6. I have been informed by learned counsel for the respondents that parties went to the Supreme Court after the judgment of the Division Bench of the Patna High Court in L. P. A. No. 15 of 1959. It is stated on behalf of the respondents that after the decision of the Supreme Court the Bihar Subai Sunni Majlish-e-Waqf sanctioned a fresh lease to the plaintiff for 99 years in respect of the suit premises. It is on the basis of this lease the plaintiff claims that he is the actual landlord in respect of the suit premises.
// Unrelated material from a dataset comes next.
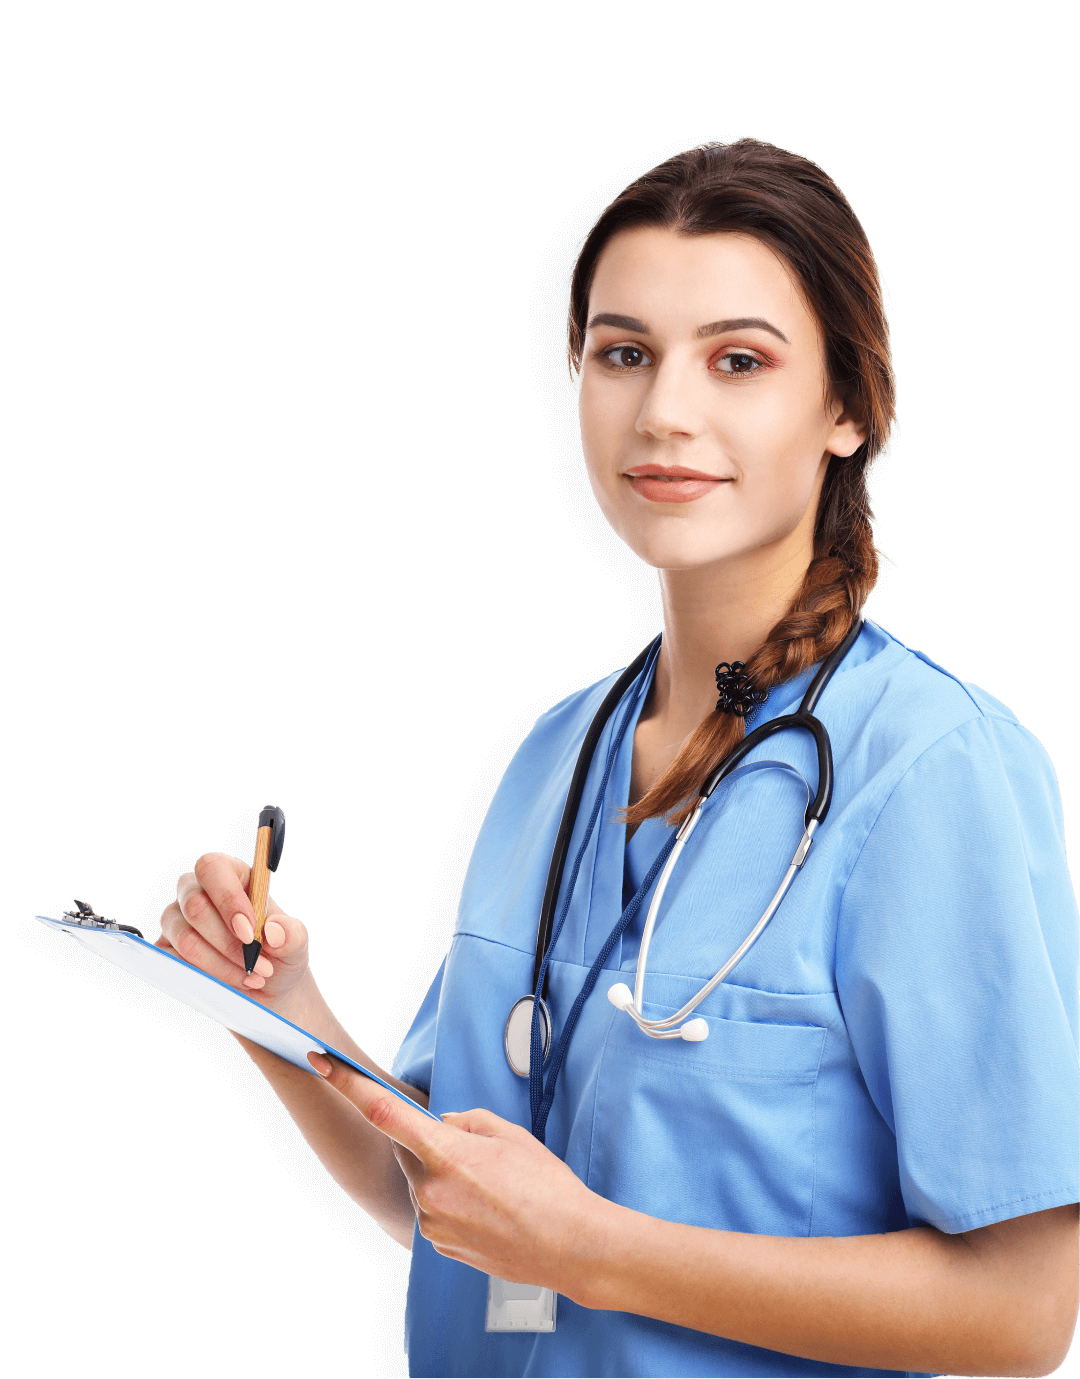 Nurse-Pain Management (PMGT) professional

If the plaintiff respondent files a petition before the lower appellate court for adducing additional evidence, I direct the lower appellate court to allow the plaintiff respondent to lead additional evidence. The defendants will be entitled to reply to the additional case of the plaintiff. The lower appellate court is directed to hear tooth the parties before delivering a fresh judgment.
7. The law may be briefly stated thus:--
Section 116 of the Act prohibits a tenant from challenging the validity of the title of the landlord at the beginning of the tenancy. In other words, the estoppel in Section 116 of the Act refers to the title at the beginning of the tenancy. It does not debar a tenant from challenging the validity of the title of the landlord on the basis of the previous events which occurred before the tenant was inducted in the premises. Section 116 of the Act also does not debar a tenant from proving the subsequent events in relation to the title of the landlord. The bar imposed under Section 116 of the Act is that the tenant cannot challenge the defective title of the landlord at the beginning of the tenancy. In other words, the tenant is estopped from challenging the fact that the plaintiff obtained title to the suit property on the basis of mis-representation, fraud etc. Section 116 of the Act refers to the estoppel in respect of a defective title' at the beginning of the tenancy. Section 116 does not estop the tenant from raising the plea that the landlord had no title to the suit property before he was inducted as tenant. In other words, the defendant-tenant cannot challenge the defective title of the landlord at the beginning of the tenancy. Such a plea is estopped by Section 116 of the Act
8. In the result the appeal is allowed and the judgment and decree of the lower appellate court are set aside and the case is sent back to the lower appellate court for a fresh decision. The lower appellate court is also directed to finish the hearing of the case within three months from the date of the receipt of the record.